First of all, the customer journey activities in your map must be connected to touchpoints, channels and to the internal processes and activities that teams and people are involved in. According to Anders, one of the most important thing is to make sure that the map is relevant for the people that are supposed to contribute to the changes you strive for. You need to make it attractive for them to work with the map. The more useful information the map contains, the more it will contribute to people’s everyday work. They will then go to the map for information, as well as contribute to the map to create customer value.

Another basic but nevertheless important thing is to continuously educate and inform about the map and its content to make sure that everyone understands the structure and meaning of the map.

Assign ownership and responsibilities for the map

A second advice from Anders is to assign “map-owners”, responsible for updating and managing the content in the map. Depending on the scope, you will also need owners responsible for certain cards, lanes or areas in the map. For instance digital channels (lanes) or the onboarding (phase). To further increase the map’s business relevancy, as well as emphasizing ownership and responsibility, you could also connect cards or areas in the maps to performance metrics. Updated with current figures or KPI:s that are relevant for your organization, the map will then be a relevant key document to use and revisit in meetings, stand-ups or retrospectives.

Share, share, share!

The greater the amount of people who uses the map, updates it and refers to it— the greater the impact. By having many collaborators and viewers on a map, you’ll extend the value and lifetime of it. Also, sharing maps and making the customer journeys visible to many, as well as showing the work-in-progress, will build the customer centric mindset and create a shared view of the customer internally. Even those who are not working directly with the maps, should still have access to them and be able to follow. How about publishing the maps on the intranet? Or print them and put them in places where a lot of people can see them?

Make the map part of the workflow

Apart from sharing the maps and invite people to take ownership, updating maps and follow up on activities in them needs to be done on a regular basis. In a customer centric organization, the map should be the thing people refer to when new improvement plans are made. So how do you make the map part of the internal processes? One way is to introduce the customer journey map or service blueprint as part of the teams’ existing workflows. How about making the map part of the weekly or monthly team updates? Or as part of any business reporting routine already in place?

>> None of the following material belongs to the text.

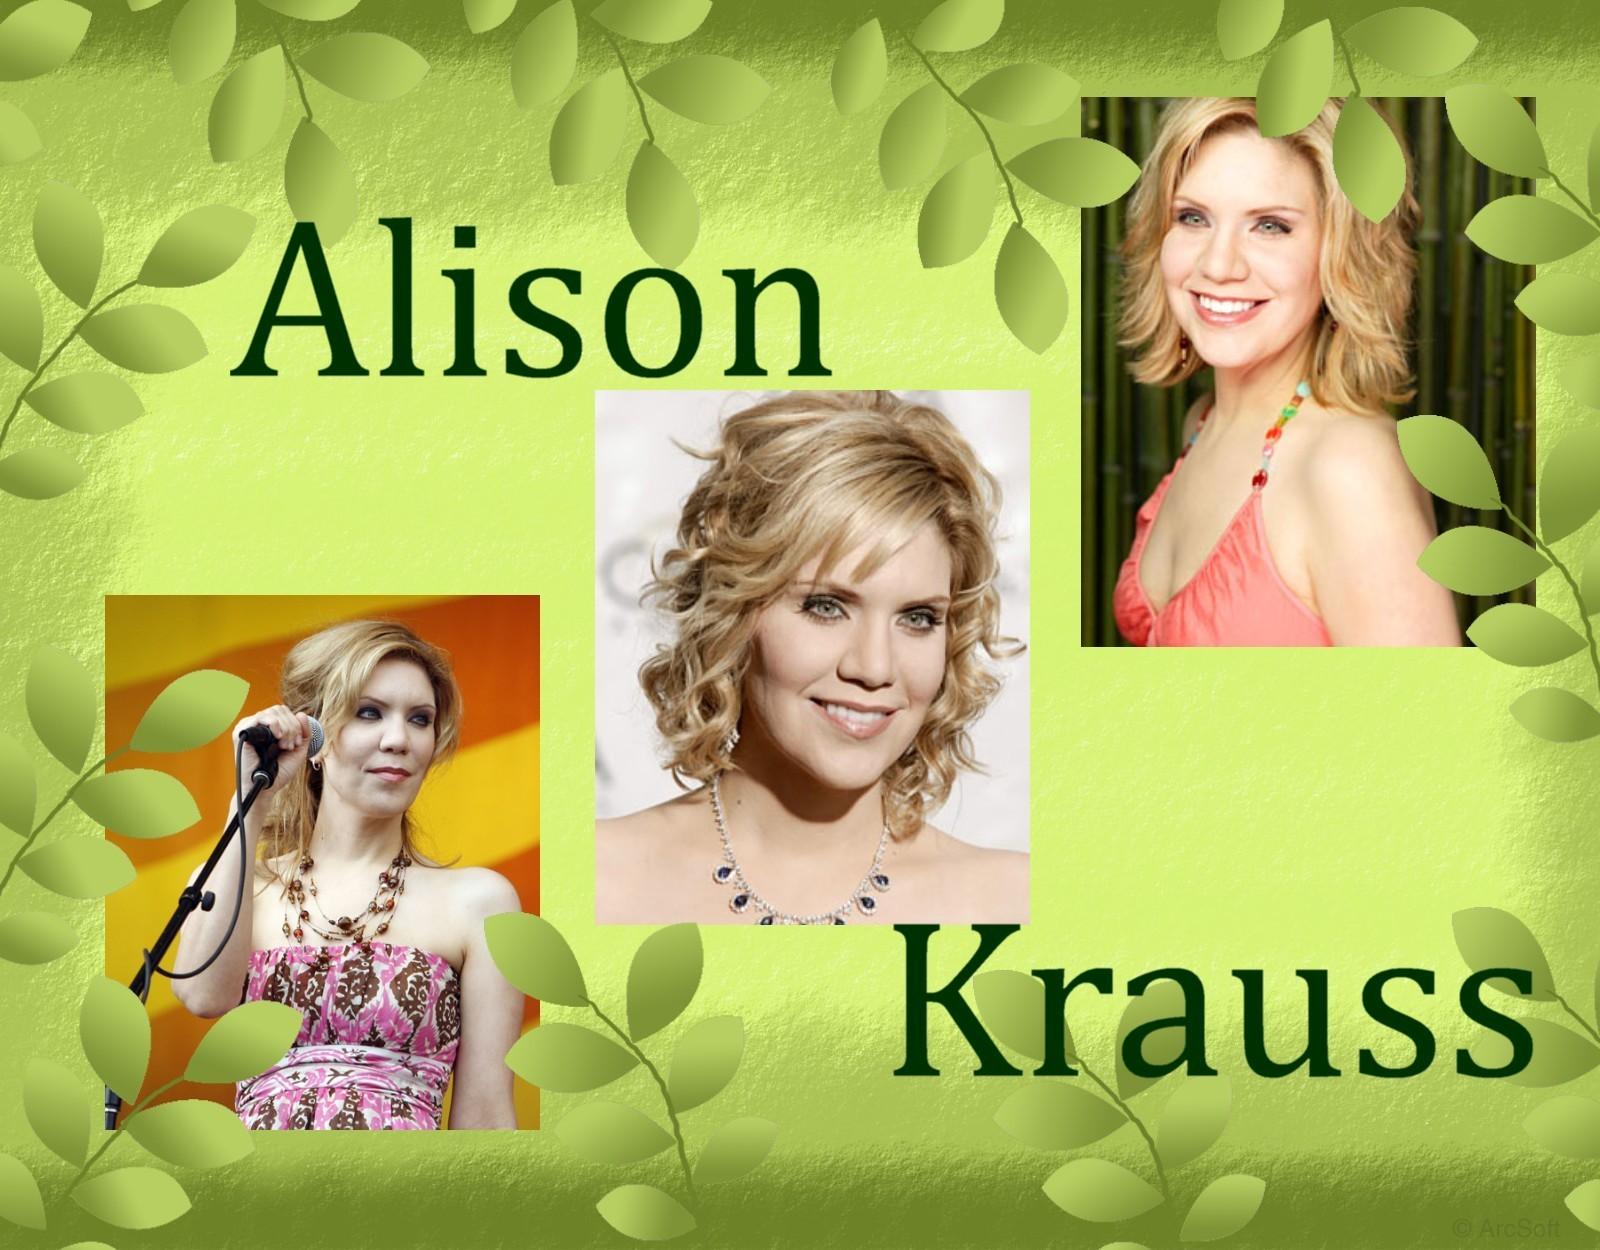 Alison Krauss image Alison Krauss HD wallpapers and backgrounds.

Adapt the map to your organization

There is not a simple answer to the complex question in the beginning of this post. But one thing stands clear from our talk with Anders: To drive a customer centric initiative by using the customer journey map as a shared compass — you need to understand the needs of your organization. And you need to adapt the map to meet and fulfill those needs. By doing so, you’ll keep the map relevant not only from a customer perspective, but also from the organizational perspective. And that’s a really good starting point when driving any kind of change.